Make no mistake: As President Clinton plays television talk- show host to a series of “Town Hall” meetings and then convenes a White House conference later this year on “retirement security,” he will–all earnestness and concern–ask Americans to “think” with him about “what we need to do” to “fix” the system. But Americans need to think first about several crucial facts before they buy one more “big-picture” policy reform from the Man from Hope:

(1) Social Security isn’t broke–and doesn’t need the fixes Washington will propose.

A government advisory commission last year produced “exact” dates and dollars that gave apparent concreteness to the dimensions of the Social Security “crisis.” Starting in 2029, it calculated, Social Security won’t have enough income to cover more than 75 percent of the benefits it must pay to aging baby boomers. But the specificity is illusory, all lever-pulling and smoke-blowing from the Wizard of Oz. The projections aren’t economic (no even semi-sane economist does decades-long projections) but actuarial extrapolations based on assumptions that Social Security’s own actuaries know are fictitious at best. Tweak them ever so slightly–lift real wages by a quarter- or half-percent per annum, or immigration by a little–and the same actuarial “crisis” disappears entirely. Federal law has mandated these projections for years, but–as the actuaries know well–they’re redone every time they’re revisited because the methodology is so poor. Until recently, apart from a handful of Washington technicians, nobody paid attention to them–knowing what they were worth. (Just a few weeks ago, we got an example of the slipperiness of these projections: Last year’s economic growth moved Social Security’s projected crisis date three years, to 2032.)
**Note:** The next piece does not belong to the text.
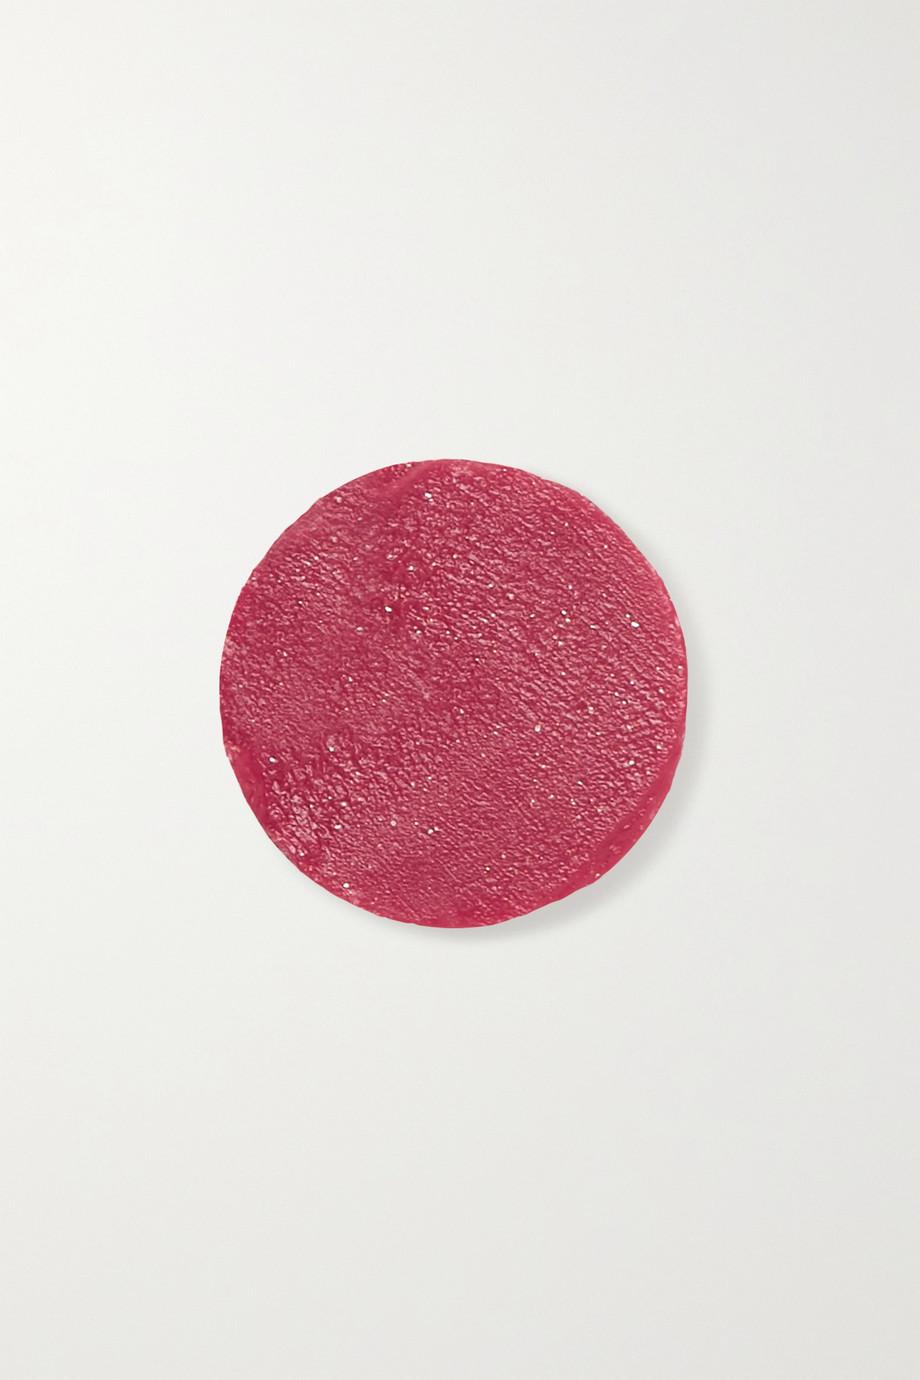 Chantecaille Lip Tint Hydrating Balm - Verbena

But amid Washington’s bipartisan passion for “marketizing” America–the capital’s new “anti-Communist” consensus for our post-Communist era–you might think the numbers have come down from Moses. They haven’t.

(2) But–just for a moment–let’s pretend there

is

a crisis. What should we do?

Fairness, you might think, is the place to start. Most Americans pay more into Social Security than they pay in income tax. Yet polls show most Americans don’t even know that contributions to Social Security are “capped” at $68,400 in individuals’ wages. By excluding wages above that line–those earned by the top 6 percent of U.S. households–and by excluding all nonwage income (dividends, interest, capital gains, rents, etc.) from Social Security taxation, guess what the effect is? It’s enormously regressive.

Senators and representatives, who each make $136,673 a year, effectively pay at just half the rate of those earning below $68,400 yet receive the same maximum benefits as a middle-class worker at retirement–plus, of course, a hefty Congressional retirement package. Bill Gates likewise will get the same maximum benefits, but pays FICA only on his first ten minutes of income each year. Gates, of course, has $40 billion to tide him over; but 60 percent of U.S. workers retire without a private pension, and 66 percent of retirees count on Social Security for more than half their income.

At his first town meeting on Social Security in Kansas City, President Clinton–neatly forgetting that Medicare has no similar cap–took “lifting the cap” off the table. It must be put back on, at the center of the table. Social Security officials forthrightly admit that raising the cap alone would remove two-thirds of their projected actuarial crisis–something that somehow largely escaped the President’s, and the press’s, attention.

(3) But what about putting some of Social Security’s money into the stock market–doesn’t everyone agree that over the long term markets outperform Social Security returns?

This is tricky but must be understood: First, there’s an “apples and oranges” problem–Social Security provides disability benefits, survivor benefits and other features apart from just retirement income; factor these in, and the performance “advantage” of equity markets gets razor-thin at best. Second, Social Security benefits are already moderately progressive, meaning that the bottom 60 percent of retirees get more back than the affluent relative to their contributions.

Third, markets are subject to gravity–what goes up, comes down, in both long and short waves. Since the Little Crash of October 1987, U.S. markets have been on a nonstop charge; but if you’d gone into the same markets in 1970, you were worse off by 1980–not to mention where you’d be today if you’d bet on Japan in the mid-eighties or Southeast Asia’s “sure thing” markets a couple of years ago. Forget hyper-collapse 1929-style for a moment; think instead about retiring to find that your income’s eroding each year as you grow older. Will you do all right in the long term, as brokers and economists insist? Well, probably yes–but that gives a new and nasty twist to Keynes’s caustic observation that “in the long run, we’re all dead.”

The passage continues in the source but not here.